Claudio Paul Spinelli (born 21 June 1997) is an Argentine footballer who plays for Deportivo Maldonado as a forward.

Club career
In July 2018, he signed with Serie A Italian club Genoa, and on 14 August 2018, he was sent on a season-long loan to Serie B club Crotone.

He made his Serie B debut for Crotone on 26 August 2018 in a game against Cittadella as an 82nd-minute substitute for Davide Faraoni. He made his first start for Crotone on 20 October 2018 against Padova and scored his first goal in Italy in the 12th minute as Crotone won 2–1.
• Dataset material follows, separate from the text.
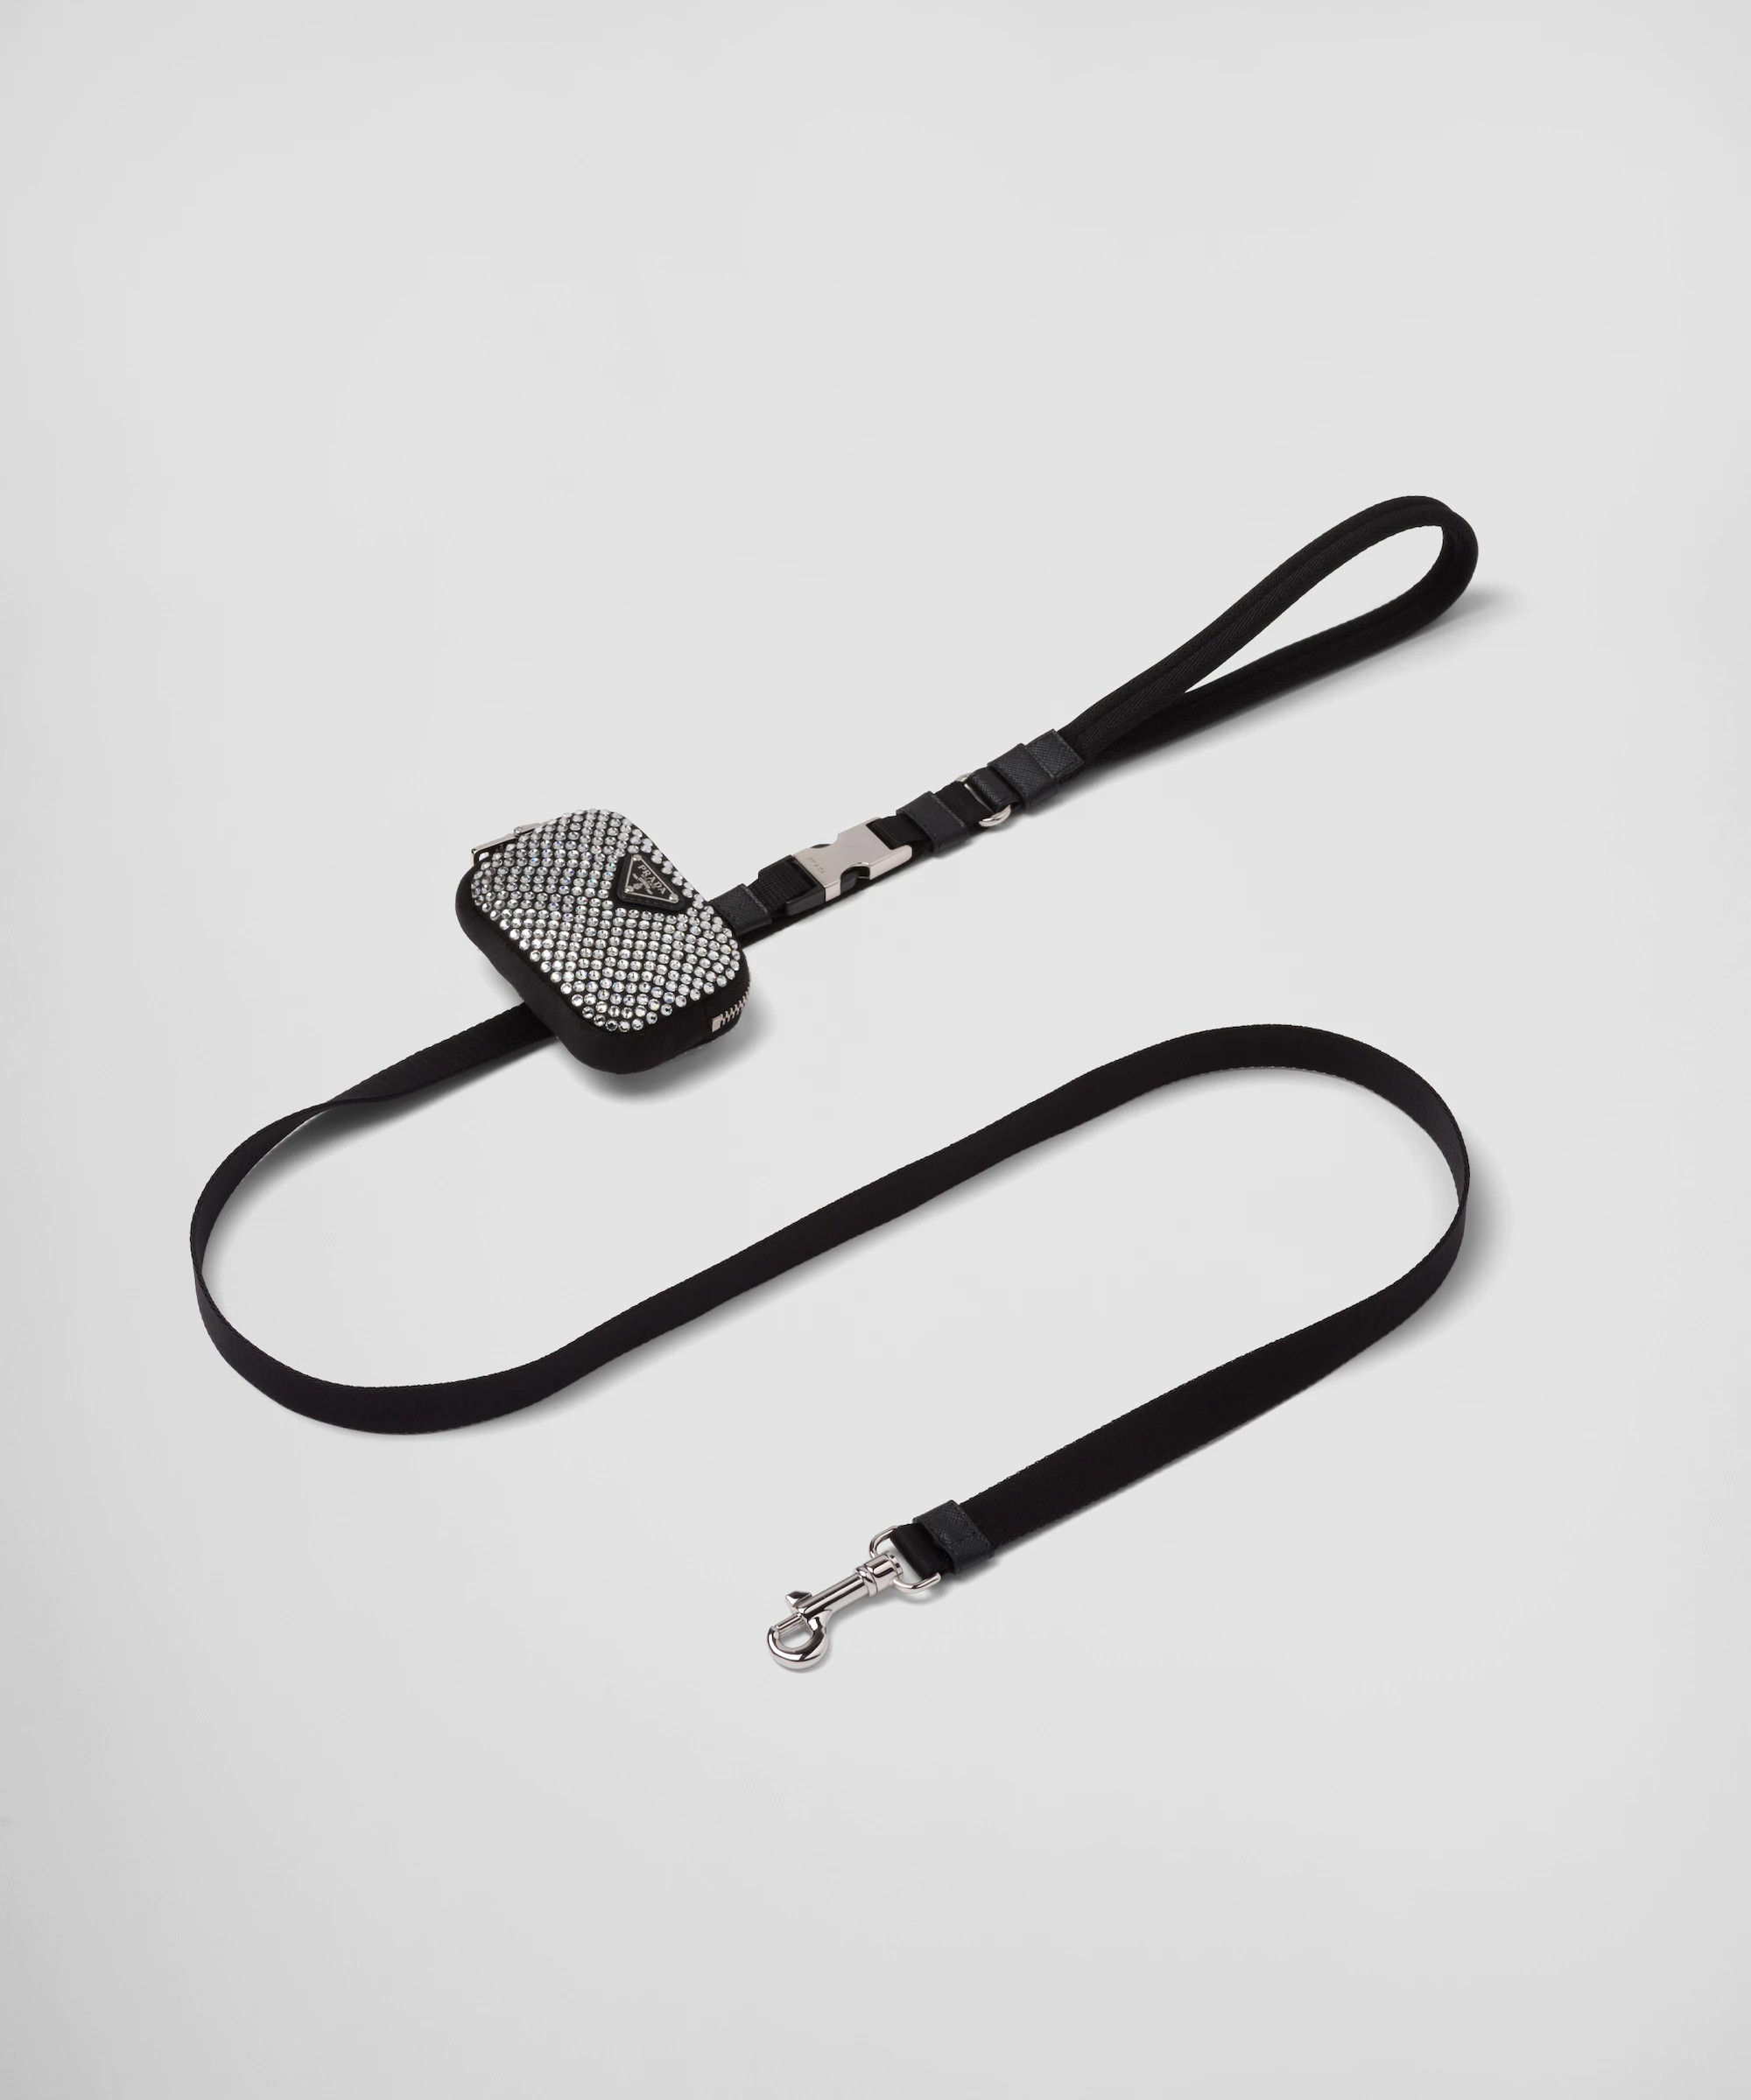 Black Prada pet leash with silver-tone hardware and a jewel-encrusted poop bag attached.

On 30 January 2019, Spinelli joined Argentine club Argentinos Juniors on loan until 30 June 2019. Spinelli scored his first goal for Argentinos Juniors on 5 March 2019 in a 4–1 victory over Douglas Haig in the Copa Argentina. Spinelli scored his second goal for Argentinos Juniors on 14 April 2019 in a 3–2 victory over Independiente in the Copa de la Superliga.

On 1 October 2020, Spinelli joined Slovenian side Koper on a season-long loan.

On 19 July 2021, he joined Oleksandriya in Ukraine.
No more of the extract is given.